# Hymer wing mirrors



## christedman (Aug 5, 2009)

I am attempting to work out whether my wing mirrors can fold in. (97 hymer 584). The arms seem to be well embedded into a holder on the door. They do not appear to move, but there is a grease nipple on the holder. On the bottom of the arm, under a plastic cover, is a large, well rusted nut. Any ideas on whether this should fold in?

Chris.


----------



## provencal (Nov 5, 2008)

Hi Chris,
We have a LHD '97 B534 and had the same problem. Southdowns, who sold us the van seemed clueless about it and foolishly I decided to leave the problem for after the hols.
Coming through a toll booth in a tunnel under Marseille, I crept forward to throw money into the basket and just clipped a panel with the RHS mirror. We were doing about 0.1 mph but it ripped off the mirror complete with its mounting, leaving a nasty mess.

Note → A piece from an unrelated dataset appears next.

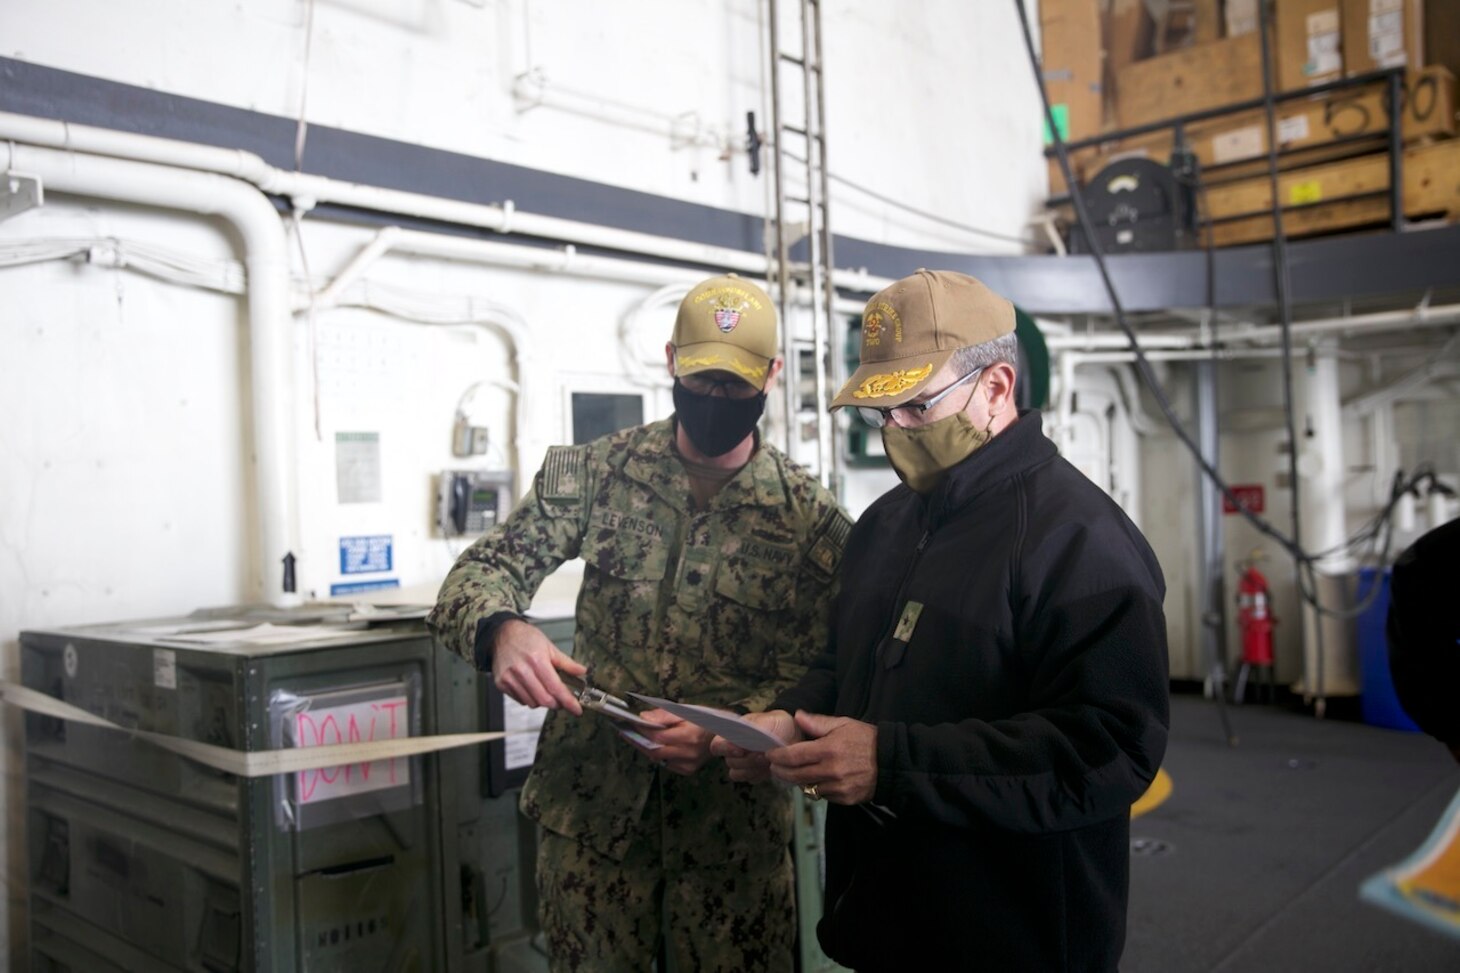 Rear Adm. Robert Katz, commander, Expeditionary Strike Group (ESG 2), reviews paperwork aboard the amphibious transport dock ship USS San Antonio (LPD 17) before receiving the COVID-19 vaccination, Jan. 11, 2021.

Pull down the plastic cap and remove the plug. The mirror should the slide upwards on the dovetailed arrangement. WD40 and gentle tapping may be necessary to enable the assembly to be removed from fixed part, which is attached to the van body with four screws.
I removed the fixed part to be used for holding the assembly to do the rest of the operation.
The rusty nut can be removed after liberally soaking with WD40 and then the end of a coil spring will be seen. More WD40 and patience and the spring can be pulled out after which the mirror arm should eventually be able to be loosened.
It will be worth it in the long run.
Best of Luck,

Brian

PS. Screwed the holder to a fixed solid lump of timber whilst easing the arm to and fro. Very small rotation at first then more until it all came out. Now grease regularly.

Hope this helps.


----------



## peeter (Aug 6, 2009)

*hymer mirror*

I used to fold the mirror on my 584 2001 back to park up close to a wall.I found after folding back a few times it would not stay in position.The garage looked at it and said the ajustable position holder no longer worked and suggested a new mirror!!. I have now put tape around it to hold it in place,and that seems to work if a bit untidy.


----------



## provencal (Nov 5, 2008)

Hi again Chris, 

If your mirrors ('97 vintage) are like ours, the large nut adjusts the amount of compression of the coil spring to adjust the rotational resistance of the mirror. In this way, you can set the mirror arm to lift out of the vee at the base at a force just above that created by windage. 

Hope this is useful, 

Brian


----------



## Carper (Aug 15, 2007)

christedman said:


> I am attempting to work out whether my wing mirrors can fold in. (97 hymer 584). The arms seem to be well embedded into a holder on the door. They do not appear to move, but there is a grease nipple on the holder. On the bottom of the arm, under a plastic cover, is a large, well rusted nut. Any ideas on whether this should fold in?
> 
> Chris.


Chris

Remove the plastic cap and slacken the nut. Once the nut is only half on the thread, tap it upwards with a mallet. When the shaft is loose, remove the nut and spring.

You now should be able to withdraw the mirror and shaft. It may be rusty and need cleaning with some emery paper. Grease the shaft and re-assemble. tighten the nut until you are unable to fold the mirror, then back it off until you can.

I can't fold my mirrors back, they are too big, so I fold them forward.

Hope this helps

Doug


----------